─── Dataset excerpt ───

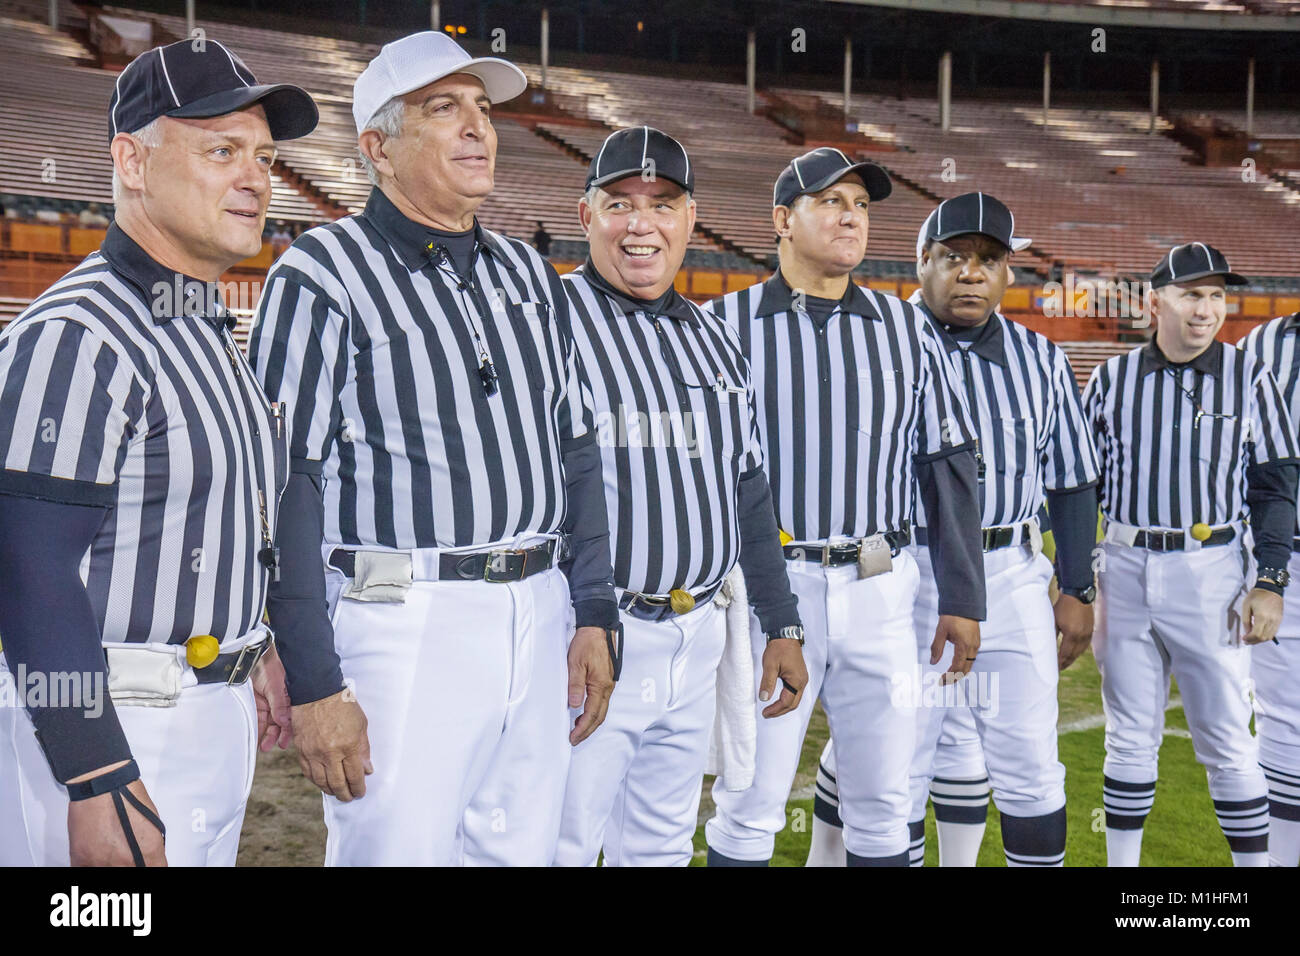 All American Offense Defense Bowl high school football referees officials striped uniforms Black man men - Stock Image
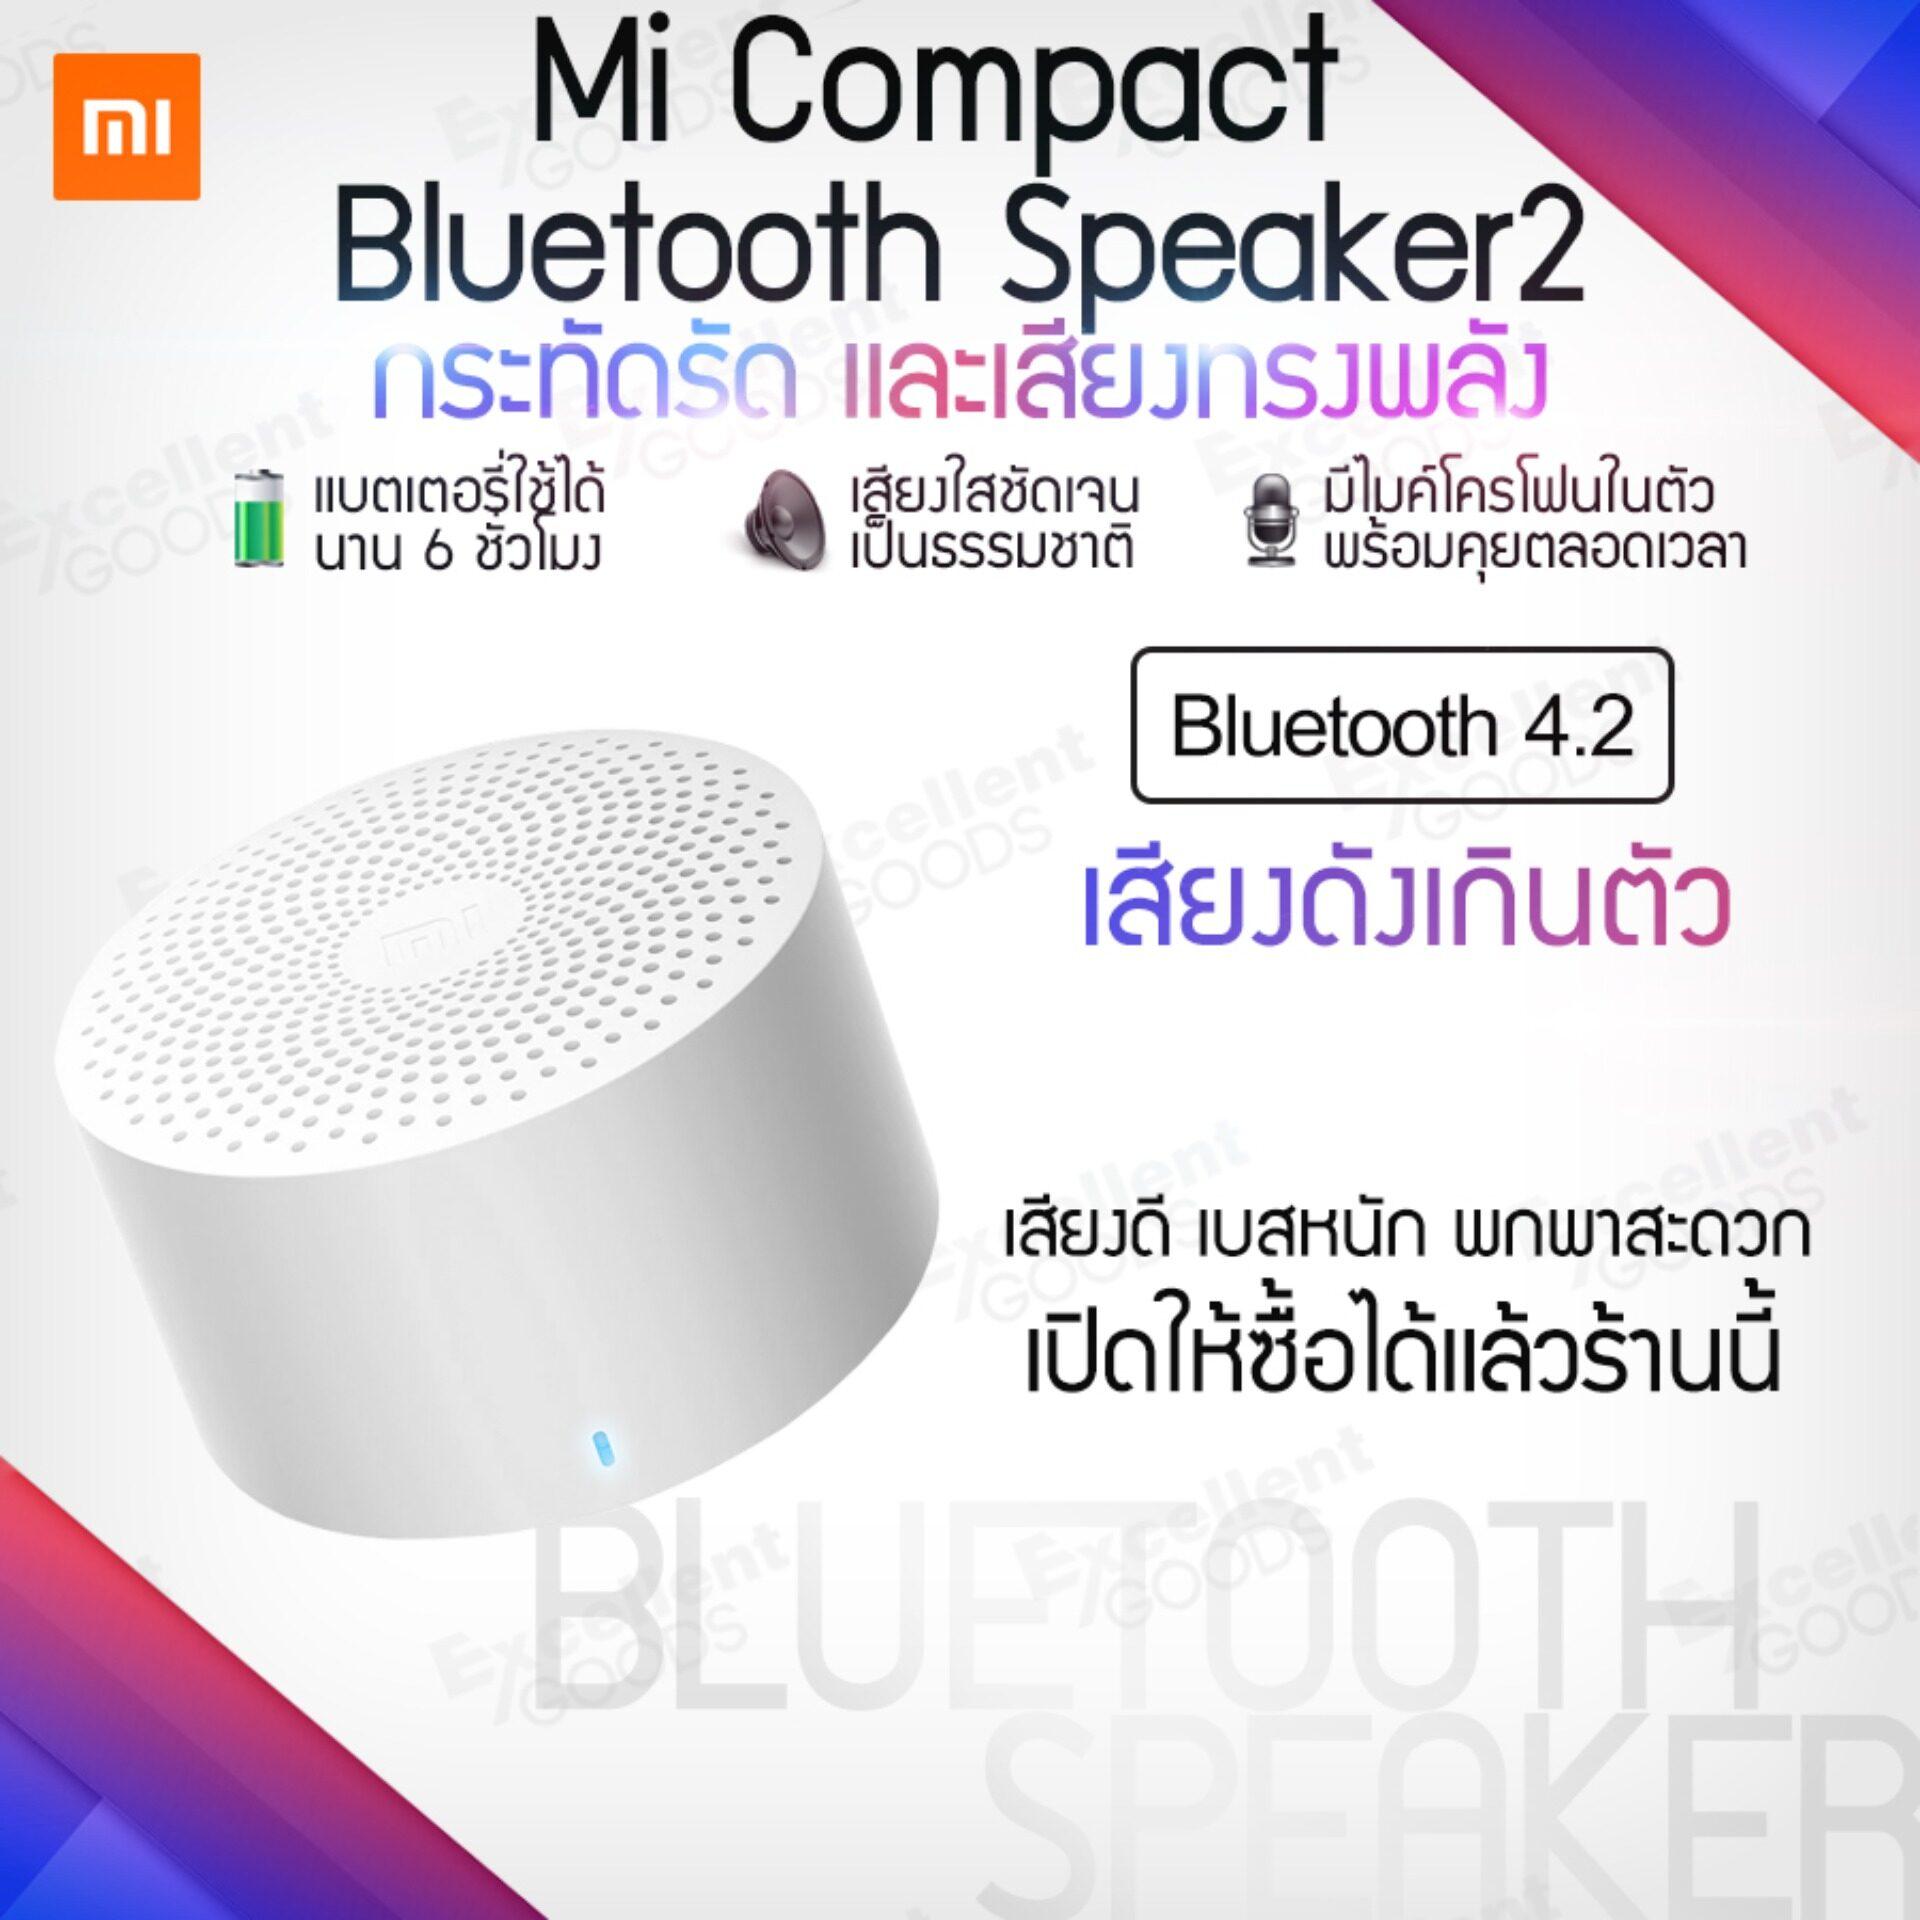 Mi Compact Bluetooth Speaker 2 Portable Outdoors Loudspeaker Box ลำโพงบลูทูธตัวจิ๋ว เสียงแจ๋ว เบสแน่นๆ พกพาสะดวก  [รับประกันร้าน  3 เดือน].
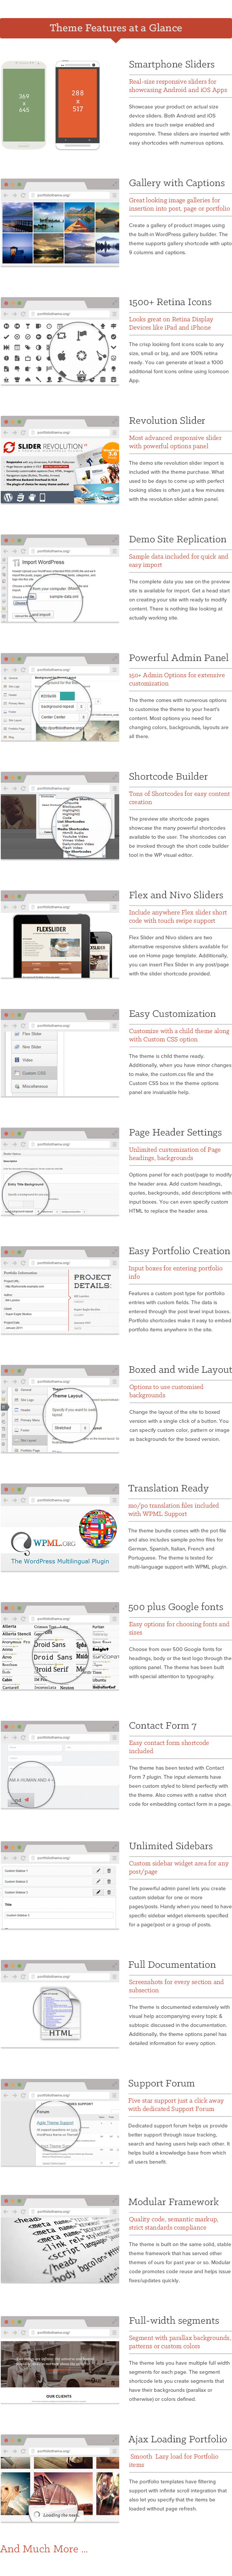 agile dashboard new 2 - Agile - Multi-Purpose App Showcase WordPress Theme
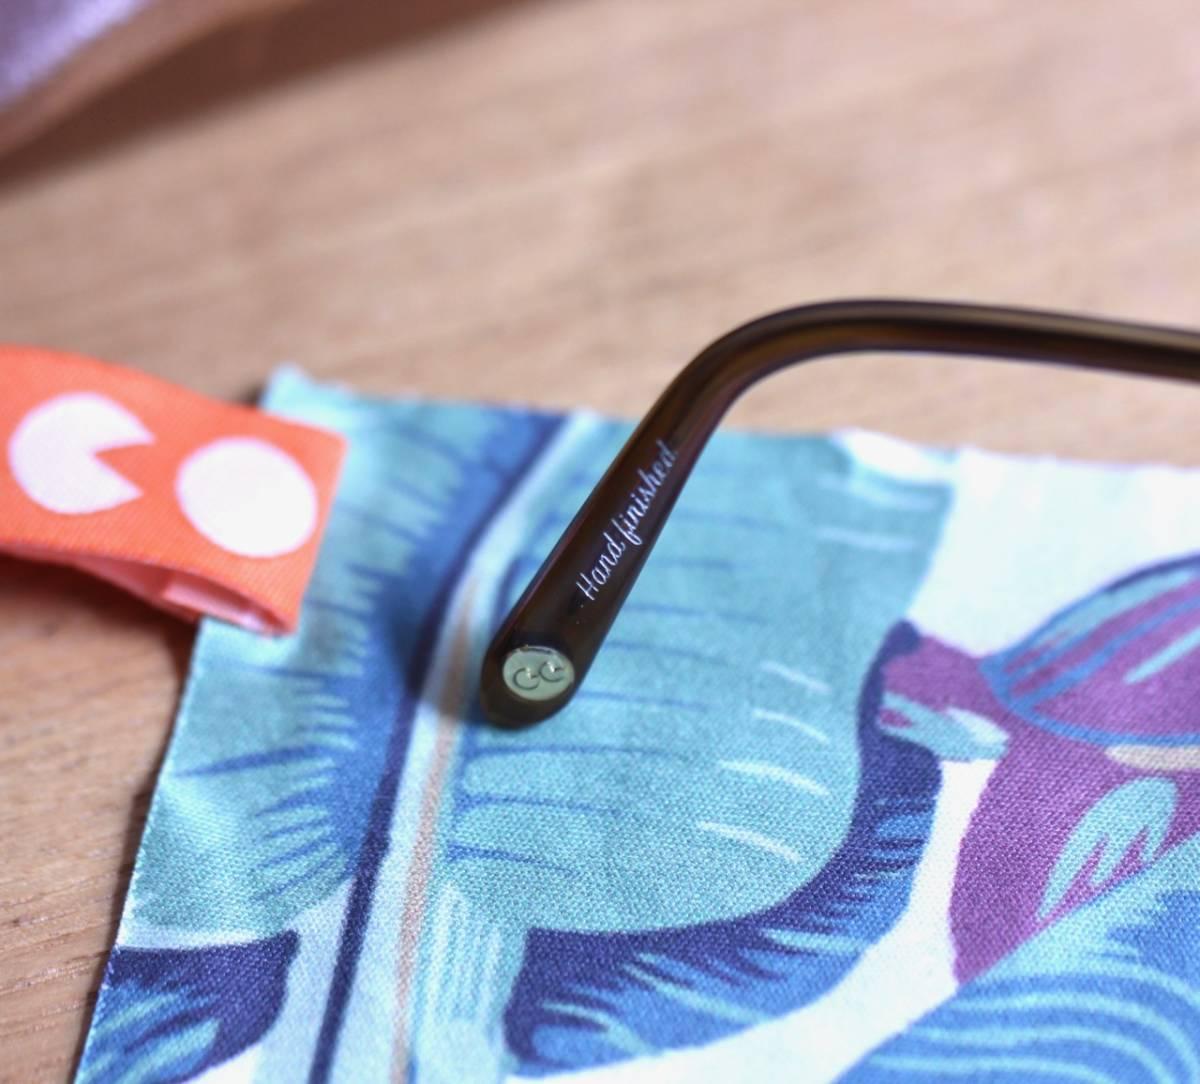 GLCO ギャレットレイト Hampton 44 眼鏡/サングラス兼用セルフレーム(GARRETT LEIGHT California Optical/オリバーピープルズ系列ブランド)_画像5

───

__Exercise prompt__:
Make an exact copy of the whole listing, but don't bring over any pictures.

__Result of this exercise__:
 All American Offense Defense Bowl high school football referees officials striped uniforms Black man men - Stock Image
 Mi Compact Bluetooth Speaker 2 Portable Outdoors Loudspeaker Box ลำโพงบลูทูธตัวจิ๋ว เสียงแจ๋ว เบสแน่นๆ พกพาสะดวก  [รับประกันร้าน  3 เดือน].
 agile dashboard new 2 - Agile - Multi-Purpose App Showcase WordPress Theme
 GLCO ギャレットレイト Hampton 44 眼鏡/サングラス兼用セルフレーム(GARRETT LEIGHT California Optical/オリバーピープルズ系列ブランド)_画像5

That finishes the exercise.